Ibtehaz Nabil, Sourav S M Shakhawat Hossain, Bayzid Md Shamsuzzoha, Rahman M Sohel
Department of CSE, BUET, ECE Building, West Palasi, Dhaka, 1205, Bangladesh.
Institute of Information Technology, University of Dhaka, Dhaka, Bangladesh.
Protein J. 2023 Apr;42(2):135-146. doi: 10.1007/s10930-023-10096-7. Epub 2023 Mar 28.

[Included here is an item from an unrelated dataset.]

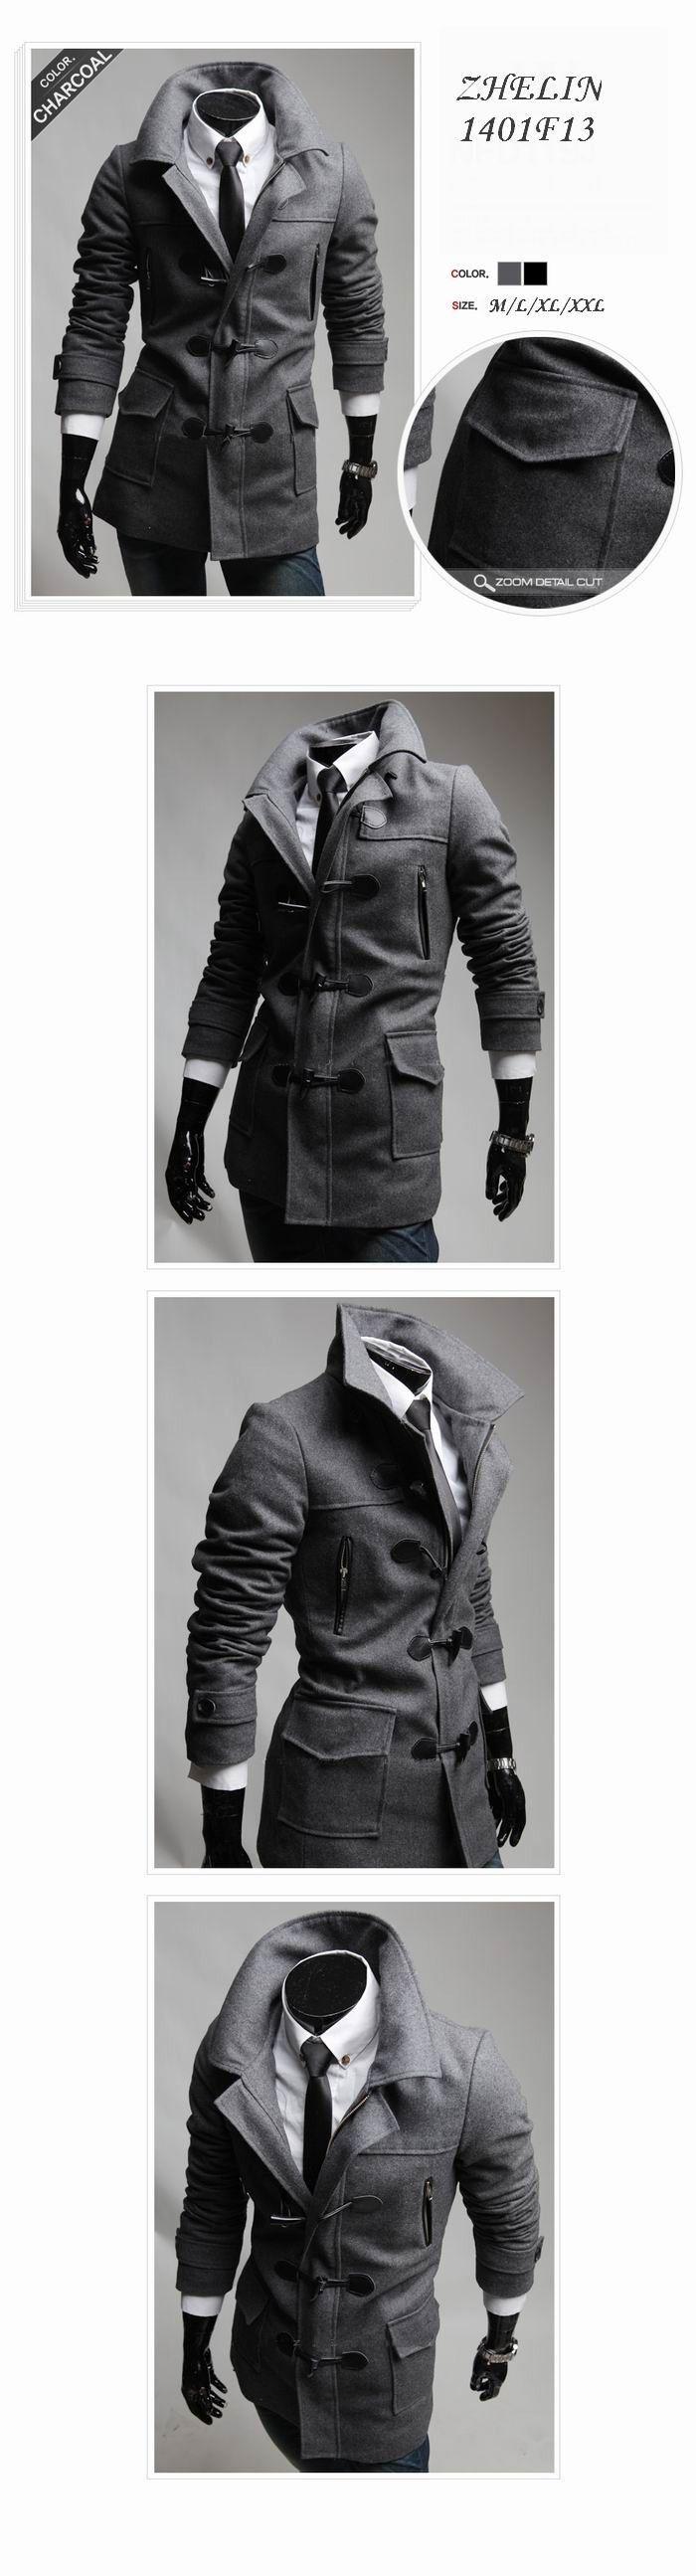 Moda Stylish Men casacos 2015 dos homens de lã masculino trincheira casacos de inverno casaco de lã botão da buzina casaco de lã casacos M XXL em Lã e Mesclas de Roupas e Acessórios Masculinos no AliExpress.com   Alibaba Group

The inception of next generations sequencing technologies have exponentially increased the volume of biological sequence data. Protein sequences, being quoted as the 'language of life', has been analyzed for a multitude of applications and inferences. Owing to the rapid development of deep learning, in recent years there have been a number of breakthroughs in the domain of Natural Language Processing. Since these methods are capable of performing different tasks when trained with a sufficient amount of data, off-the-shelf models are used to perform various biological applications. In this study, we investigated the applicability of the popular Skip-gram model for protein sequence analysis and made an attempt to incorporate some biological insights into it. We propose a novel k-mer embedding scheme, Align-gram, which is capable of mapping the similar k-mers close to each other in a vector space. Furthermore, we experiment with other sequence-based protein representations and observe that the embeddings derived from Align-gram aids modeling and training deep learning models better. Our experiments with a simple baseline LSTM model and a much complex CNN model of DeepGoPlus shows the potential of Align-gram in performing different types of deep learning applications for protein sequence analysis.
新一代测序技术的出现极大地增加了生物序列数据的量。蛋白质序列被誉为“生命的语言”,已被用于众多应用和推理分析。由于深度学习的快速发展,近年来自然语言处理领域取得了许多突破。由于这些方法在使用足够数量的数据进行训练时能够执行不同的任务,因此现成的模型被用于各种生物学应用。在本研究中,我们研究了流行的Skip-gram模型在蛋白质序列分析中的适用性,并尝试将一些生物学见解融入其中。我们提出了一种新颖的k-mer嵌入方案Align-gram,它能够在向量空间中将相似的k-mer映射到彼此附近。此外,我们对其他基于序列的蛋白质表示进行了实验,观察到从Align-gram派生的嵌入有助于更好地对深度学习模型进行建模和训练。我们使用简单的基线LSTM模型和DeepGoPlus的更复杂的CNN模型进行的实验表明,Align-gram在执行不同类型的蛋白质序列分析深度学习应用方面具有潜力。